Here's a look at the 2008-09 deer hunting seasons given preliminary approval by Game Commissioners this past week. All need final approval in April:

• Deer, archery, antlerless only: WMUs 2B, 5C and 5D, Sept. 20 to Oct. 3, Nov. 17 to 29 and Dec. 15 to 23.

• Deer, archery, statewide: Oct. 4 to Nov. 15 and Dec. 26 to Jan. 10.

• Deer, antlered and antlerless, WMUs 2D, 2G, 3C and 4B: Dec. 1 to 5.

• Deer, antlered and antlerless, 2D, 2G, 3C and 4B: Dec. 6 to 13.

• Deer, antlered and antlerless, the remainder of the state: Dec. 1 to 13.

• Deer, antlerless, juniors and seniors: Oct. 23 to 25.

• Deer, antlerless, muzzleloader statewide: Oct. 18 to 25.

• Deer, antlered or antlerless, flintlock statewide: Dec. 26 to Jan. 10.

• Deer, antlerless, WMUs 2B, 5C, 5D: Dec. 15 to 23 and Dec. 26 to Jan. 24.

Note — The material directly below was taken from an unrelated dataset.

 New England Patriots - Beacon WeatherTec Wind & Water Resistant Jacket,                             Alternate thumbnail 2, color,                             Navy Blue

Source: http://www.pittsburghlive.com/x/pittsburghtrib/sports/s_550409.html

1 comment:

Anonymous said...

Pennsylvania deer managementis at a critical point in time. Hunters in parts of the State that used to see lots of deer are not seeing any. Parts of Potter County, which used to be famous for its deer hunting, are almost devoid of deer. I know four hunters that saw 2 deer during the first 2 days of rifle season in this area. 200 deer would have been the average just 10 years ago.

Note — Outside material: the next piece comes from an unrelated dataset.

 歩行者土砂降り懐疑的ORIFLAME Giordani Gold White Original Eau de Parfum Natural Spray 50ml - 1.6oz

The deer management strategies broadly placed across all of PA have left suburban and urban areas overcrowed with deer and rural areas suffering. Some of us are deeply concerned that industries like lumber and farming, which have no interest in healthy deer populations, have the ear of decision-makers in PA.

I must say that there are many who think these concerns are overblown by those of us who were just spoiled with our hunting success of years past. This may be true in part but many long-time hunters are leaving the woods. Small towns that used to thrive from the economy of hunting are suffering. And, in my opinion, future hunting rights could be compromised with the lack of hunters.

We'll never be able to return to the deer numbers of years ago. But we must sustain a healthy and balanced deer population throughout PA, and I am not sure that is happening currently.